Definitions of Religion

Religion

Religion is a remarkably widespread and persistent human phenomenon. It serves several important functions: it explains the meaning of life, makes bearable the suffering and disappointments that inevitably arise in this life, provides an ego-affirming identity, and knits together a society’s values into a cohesive whole.

Religions also serve to control society by giving powerful sanction to certain types of social behaviour. For example, Christianity defines moral expectations and enforces them by placing the divine stamp of approval on them, and Hinduism sanctions the caste system which regulates social relations among different classes of people.

One approach to definitions of religion is to use a functionalist definition which argues that the importance of religion in people’s lives depends on its function. Durkheim used this definition to explain how religious-like behavior helps create solidarity in a group, and the same argument has been used by scholars such as Horton, Glock and Stark, and Paul Tillich.

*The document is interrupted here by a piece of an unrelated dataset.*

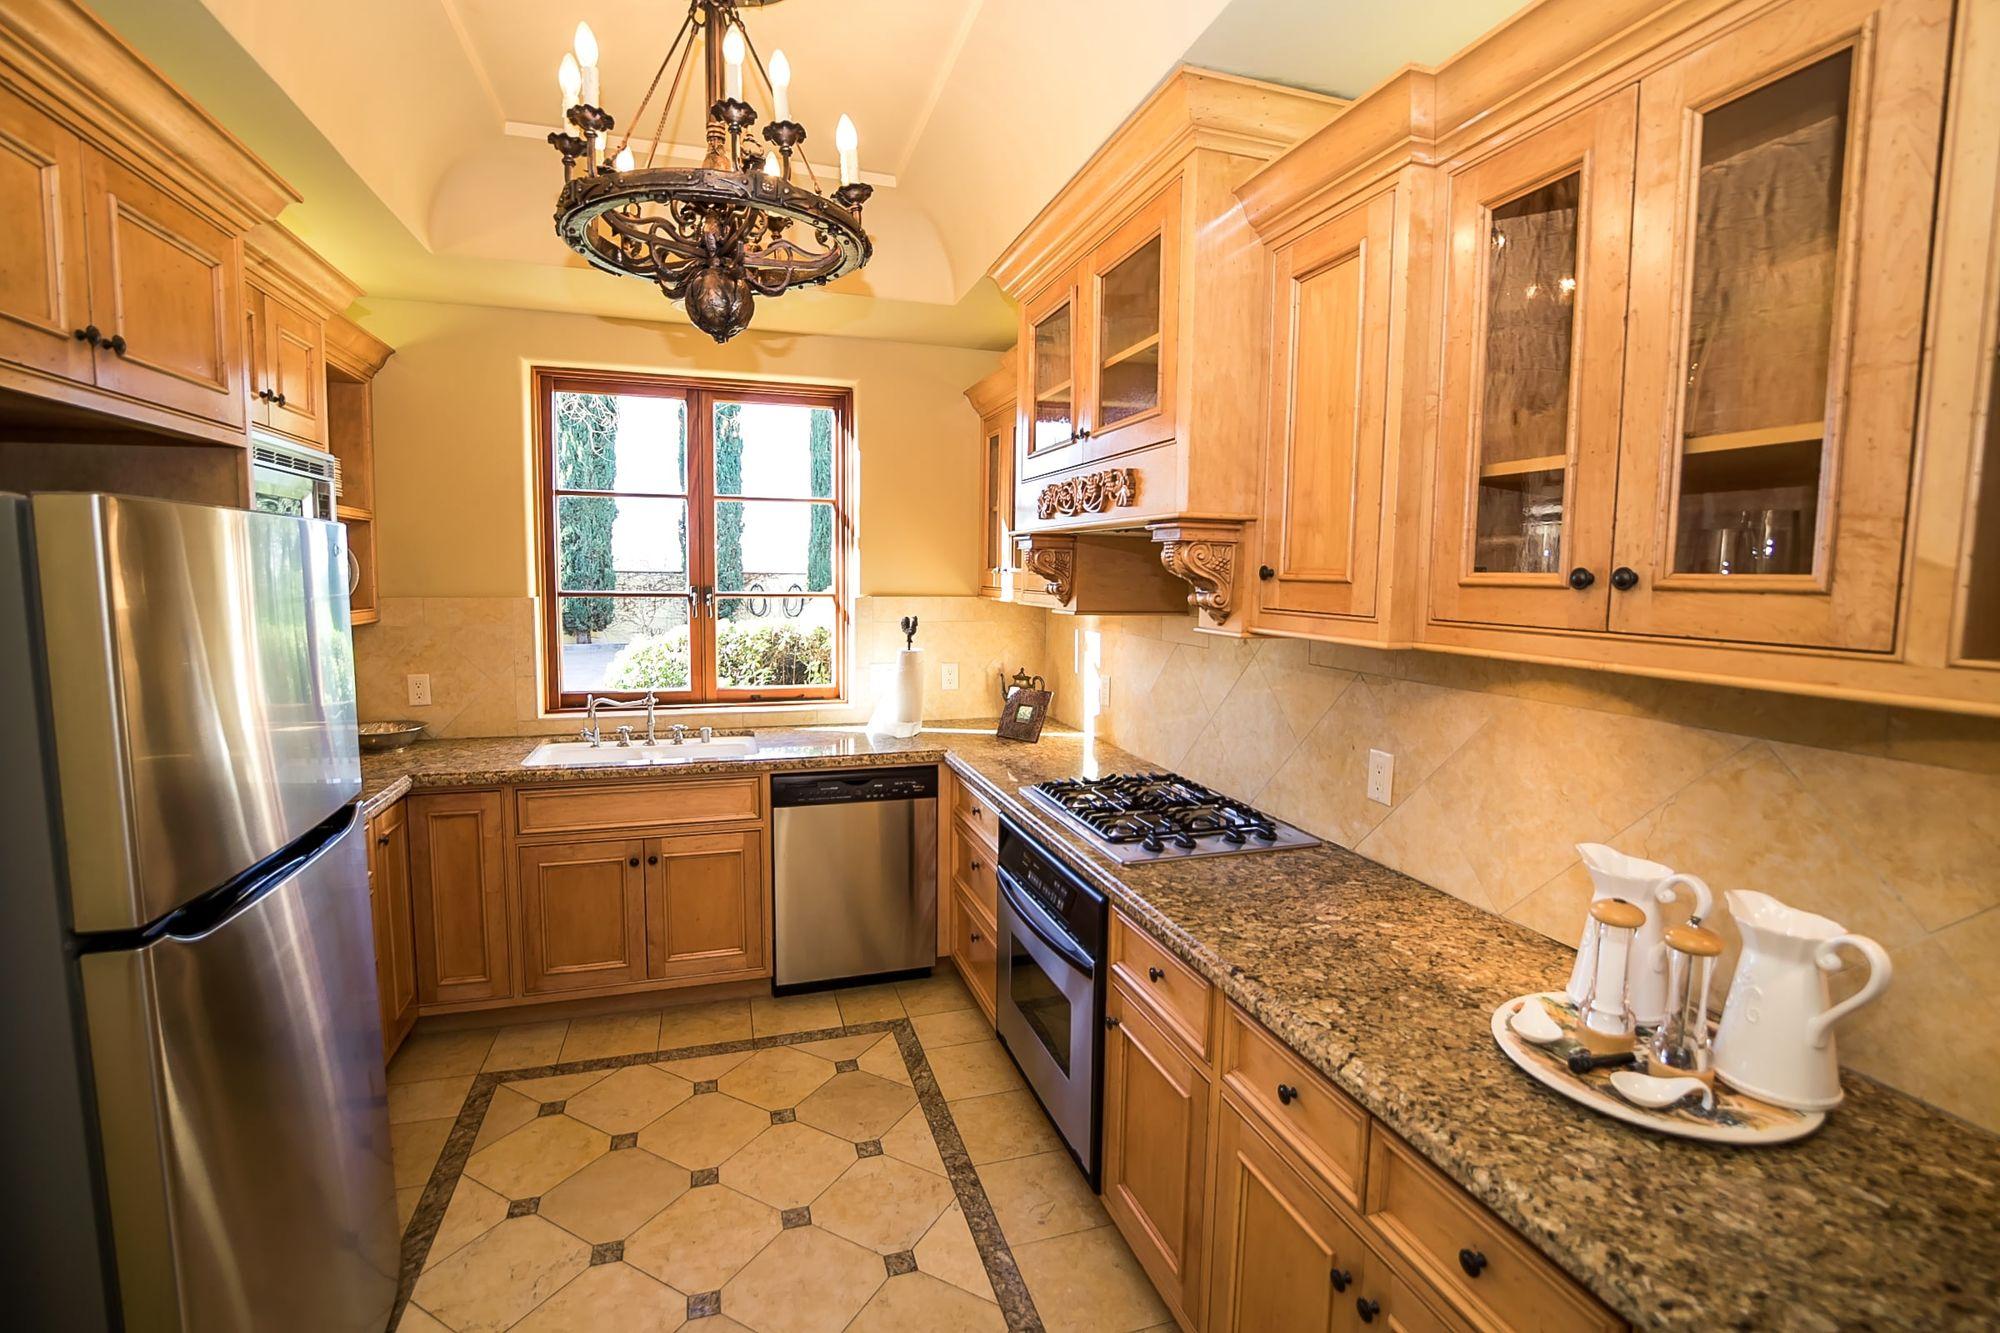 Kitchen with a chandelier, granite countertops, fridge, gas range, and sink under the window

A second method is to treat the concept of religion as a class and compare instances in that class to see which have common characteristics, as was done with bacterial strains in the development of a computer program that sorted them according to their physical properties. This is known as a polythetic approach. Over the past half century or so there has been a shift away from monothetic definitions of religion to polythetic approaches which abandon the classical view that every instance must have exactly the same set of defining properties in order to be accurately described as a member of that class.